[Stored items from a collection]

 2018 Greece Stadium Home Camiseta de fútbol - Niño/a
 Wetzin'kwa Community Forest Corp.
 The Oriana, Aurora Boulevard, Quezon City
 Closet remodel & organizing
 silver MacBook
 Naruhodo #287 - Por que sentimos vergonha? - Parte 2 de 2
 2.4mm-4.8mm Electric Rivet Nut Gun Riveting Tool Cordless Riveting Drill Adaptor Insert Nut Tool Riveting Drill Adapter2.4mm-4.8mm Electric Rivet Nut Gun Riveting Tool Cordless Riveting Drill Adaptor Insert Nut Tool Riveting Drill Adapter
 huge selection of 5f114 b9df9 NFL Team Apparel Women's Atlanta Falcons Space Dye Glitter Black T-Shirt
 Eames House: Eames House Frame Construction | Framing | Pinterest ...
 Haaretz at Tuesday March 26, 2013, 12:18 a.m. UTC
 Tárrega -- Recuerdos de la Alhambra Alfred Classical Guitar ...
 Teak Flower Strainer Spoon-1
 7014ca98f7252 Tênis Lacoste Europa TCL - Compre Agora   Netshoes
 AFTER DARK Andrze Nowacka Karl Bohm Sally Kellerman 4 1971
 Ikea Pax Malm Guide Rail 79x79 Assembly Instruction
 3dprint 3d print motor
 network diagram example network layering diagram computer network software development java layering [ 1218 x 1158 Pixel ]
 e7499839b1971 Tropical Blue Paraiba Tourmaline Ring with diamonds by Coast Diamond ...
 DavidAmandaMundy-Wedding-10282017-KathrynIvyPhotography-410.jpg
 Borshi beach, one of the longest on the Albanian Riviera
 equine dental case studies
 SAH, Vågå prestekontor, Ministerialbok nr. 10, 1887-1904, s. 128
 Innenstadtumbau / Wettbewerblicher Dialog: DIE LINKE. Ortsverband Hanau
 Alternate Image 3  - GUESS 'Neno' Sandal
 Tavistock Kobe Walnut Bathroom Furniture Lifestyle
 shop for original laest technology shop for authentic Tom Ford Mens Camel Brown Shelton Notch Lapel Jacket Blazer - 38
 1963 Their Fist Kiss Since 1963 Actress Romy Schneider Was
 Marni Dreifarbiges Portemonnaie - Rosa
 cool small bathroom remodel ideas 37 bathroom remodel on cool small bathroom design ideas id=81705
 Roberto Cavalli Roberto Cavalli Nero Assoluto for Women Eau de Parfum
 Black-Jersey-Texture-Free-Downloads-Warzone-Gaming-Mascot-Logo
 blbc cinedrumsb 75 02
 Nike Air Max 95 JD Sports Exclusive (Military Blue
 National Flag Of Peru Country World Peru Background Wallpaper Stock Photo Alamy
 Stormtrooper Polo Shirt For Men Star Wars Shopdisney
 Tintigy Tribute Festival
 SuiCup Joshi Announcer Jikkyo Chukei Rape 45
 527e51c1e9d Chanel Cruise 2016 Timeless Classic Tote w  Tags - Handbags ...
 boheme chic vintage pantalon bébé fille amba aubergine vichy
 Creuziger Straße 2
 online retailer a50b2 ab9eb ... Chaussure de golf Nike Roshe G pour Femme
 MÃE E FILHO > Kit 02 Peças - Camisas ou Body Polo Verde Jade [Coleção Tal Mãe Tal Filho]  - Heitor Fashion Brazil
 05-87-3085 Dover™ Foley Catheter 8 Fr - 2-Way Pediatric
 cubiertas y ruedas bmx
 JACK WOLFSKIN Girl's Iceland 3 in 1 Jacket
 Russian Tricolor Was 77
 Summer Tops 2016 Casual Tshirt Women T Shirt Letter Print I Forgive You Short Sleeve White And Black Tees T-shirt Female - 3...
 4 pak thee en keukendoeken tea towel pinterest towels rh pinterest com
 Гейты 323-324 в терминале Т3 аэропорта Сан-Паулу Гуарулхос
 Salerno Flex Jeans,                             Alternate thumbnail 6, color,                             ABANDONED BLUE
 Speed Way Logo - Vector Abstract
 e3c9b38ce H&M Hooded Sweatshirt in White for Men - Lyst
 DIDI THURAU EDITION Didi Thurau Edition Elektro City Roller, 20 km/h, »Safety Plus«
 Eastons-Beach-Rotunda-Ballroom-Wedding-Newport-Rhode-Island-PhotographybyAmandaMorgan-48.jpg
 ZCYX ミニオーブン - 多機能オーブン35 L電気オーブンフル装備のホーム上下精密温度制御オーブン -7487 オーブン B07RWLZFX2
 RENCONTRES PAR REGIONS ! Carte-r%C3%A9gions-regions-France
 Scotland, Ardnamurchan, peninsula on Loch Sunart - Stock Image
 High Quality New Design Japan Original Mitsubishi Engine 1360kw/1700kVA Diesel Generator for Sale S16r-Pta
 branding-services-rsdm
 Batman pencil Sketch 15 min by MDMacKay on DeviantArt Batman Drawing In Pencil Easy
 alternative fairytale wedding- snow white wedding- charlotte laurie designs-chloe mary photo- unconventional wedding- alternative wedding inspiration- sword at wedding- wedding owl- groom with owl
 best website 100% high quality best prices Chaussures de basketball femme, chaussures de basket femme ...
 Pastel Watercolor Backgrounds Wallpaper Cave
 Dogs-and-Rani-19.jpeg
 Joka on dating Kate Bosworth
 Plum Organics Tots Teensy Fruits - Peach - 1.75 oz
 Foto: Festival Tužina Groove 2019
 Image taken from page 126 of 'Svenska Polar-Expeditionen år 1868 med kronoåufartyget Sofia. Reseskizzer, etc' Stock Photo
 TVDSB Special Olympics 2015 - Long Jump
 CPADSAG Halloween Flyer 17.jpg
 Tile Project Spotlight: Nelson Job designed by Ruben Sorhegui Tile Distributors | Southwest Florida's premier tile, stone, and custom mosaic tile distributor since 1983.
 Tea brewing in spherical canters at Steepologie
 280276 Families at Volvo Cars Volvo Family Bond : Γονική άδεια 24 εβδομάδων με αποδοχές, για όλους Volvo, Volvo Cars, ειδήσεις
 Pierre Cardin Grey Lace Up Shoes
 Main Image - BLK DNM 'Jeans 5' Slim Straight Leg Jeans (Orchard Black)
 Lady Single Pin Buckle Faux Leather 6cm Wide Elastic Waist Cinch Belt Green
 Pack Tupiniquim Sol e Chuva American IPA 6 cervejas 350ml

YOUR GOAL = Start with the line above that contains "Nike Air Max" and end with the line that contains "online retailer a50b2". Write out those lines exactly, and only those.

COMPLETED EXERCISE =
 Nike Air Max 95 JD Sports Exclusive (Military Blue
 National Flag Of Peru Country World Peru Background Wallpaper Stock Photo Alamy
 Stormtrooper Polo Shirt For Men Star Wars Shopdisney
 Tintigy Tribute Festival
 SuiCup Joshi Announcer Jikkyo Chukei Rape 45
 527e51c1e9d Chanel Cruise 2016 Timeless Classic Tote w  Tags - Handbags ...
 boheme chic vintage pantalon bébé fille amba aubergine vichy
 Creuziger Straße 2
 online retailer a50b2 ab9eb ... Chaussure de golf Nike Roshe G pour Femme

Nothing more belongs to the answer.